The political context of the communication is framed by article 189 of the TFEU which introduces a clear competence for the EU to act in space matters.
2.Problem definition
2.1.Security of critical European space infrastructures is not ensured
The EU does not at present have full and accurate information on satellites and debris orbiting the Earth, on the space environment (e.g. radiation bursts) and possible threats coming from space (near Earth objects). This lack of information constitutes a major risk to space infrastructure.
2.2.Europe lacks a long-term strategy and critical mass for space exploration
Space exploration gives nations involved in it a high political profile in the international arena. It is also a driver for technological innovation whose spin-offs have enhanced citizens’ lives to a scale that is not often realised by the general public.
Space exploration requires a political thrust, a vision and a strategy to carry it through which Europe lacks at present. Space exploration activities are also fragmented and isolated from non-space sectors. This is detrimental to Europe from an international standpoint, does not allow space exploration potential for innovation and competitiveness to materialise and could have negative effect on science and education2.

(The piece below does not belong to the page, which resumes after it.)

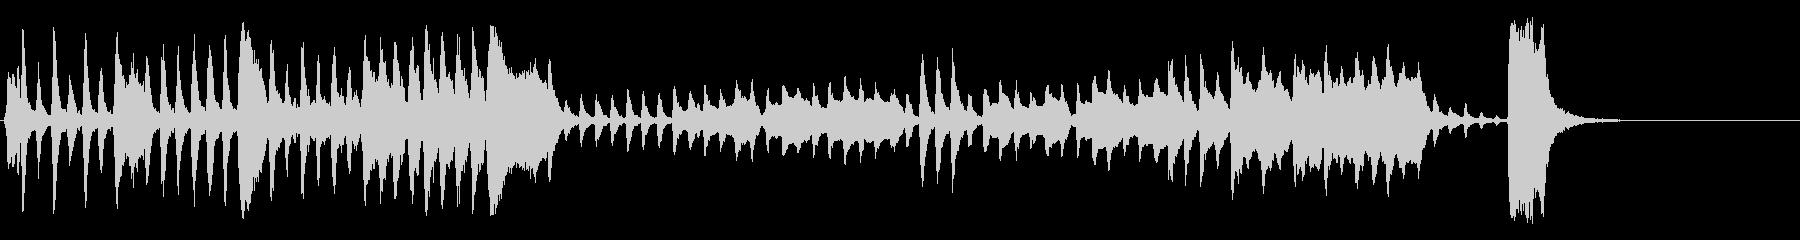 コミカルで少し怪しいオーケストラ曲の未再生の波形

2.3.Space policies and investments are decided at national/intergovernmental level
The space sector is largely driven by national public funding spent either directly or via a contribution to ESA3. As a consequence:
- Space initiatives only indirectly respond to broader European policy objectives;
- National space policies' target is national industry, which may be detrimental to the competitive development of the European space industry;
- There is a risk of overlaps, fragmentation and discontinuity of the activities in the European space sector.
2.4.National investments for dedicated space programmes cannot sufficiently address the needs of EU policies and interventions
There is wide recognition that future space developments in areas such as security or space exploration and the exploitation of space infrastructures and space-based applications require a coordinated funding approach.
Due to the fragmentation of national decision making channels, space governance frameworks and lack of coordination of funding mechanisms, investment in essential space activities such as SSA4 or space exploration cannot acquire the necessary critical mass.
3.Analysis of subsidiarity
The present initiative does not seek to replace but rather complement action taken by Member States individually or in the framework of ESA and reinforce coordination where it is necessary to achieve common objectives.
4.Objectives
| General Objectives | Specific Objectives |
| 1. to promote scientific and technical progress; 2. to promote innovation and industrial competitiveness; 3. to ensure citizens’ well being derived from space-based applications 4. to enhance the EU profile in space at world level. | 1. Ensure the long-term availability and security of European space infrastructures and services; 2. Ensure that the EU is in a position to fulfil the coordination role in exploration that article 189 of the Treaty calls for and to capitalise on the space exploration potential to contribute to the objectives of the EU 2020 strategy; 3. Ensure the conditions necessary to guarantee European access to space and on-orbit infrastructures; 4. Ensure convergence of national and EU policies and investment in the field of SSA and space exploration as well as convergence between action in these two areas and other EU policies; 5. Ensure a leading and strategic role for the EU in space at global level and in particular in international negotiations related to SSA and space exploration. |
5.1.Option 1: Baseline
The EU would not invest in security of critical European space infrastructures nor engage in space exploration efforts. This would not affect the implementation of the other EU flagships in space, Galileo and GMES, but their long-term security and sustainability could be affected. The situation described under problem definition is likely to remain.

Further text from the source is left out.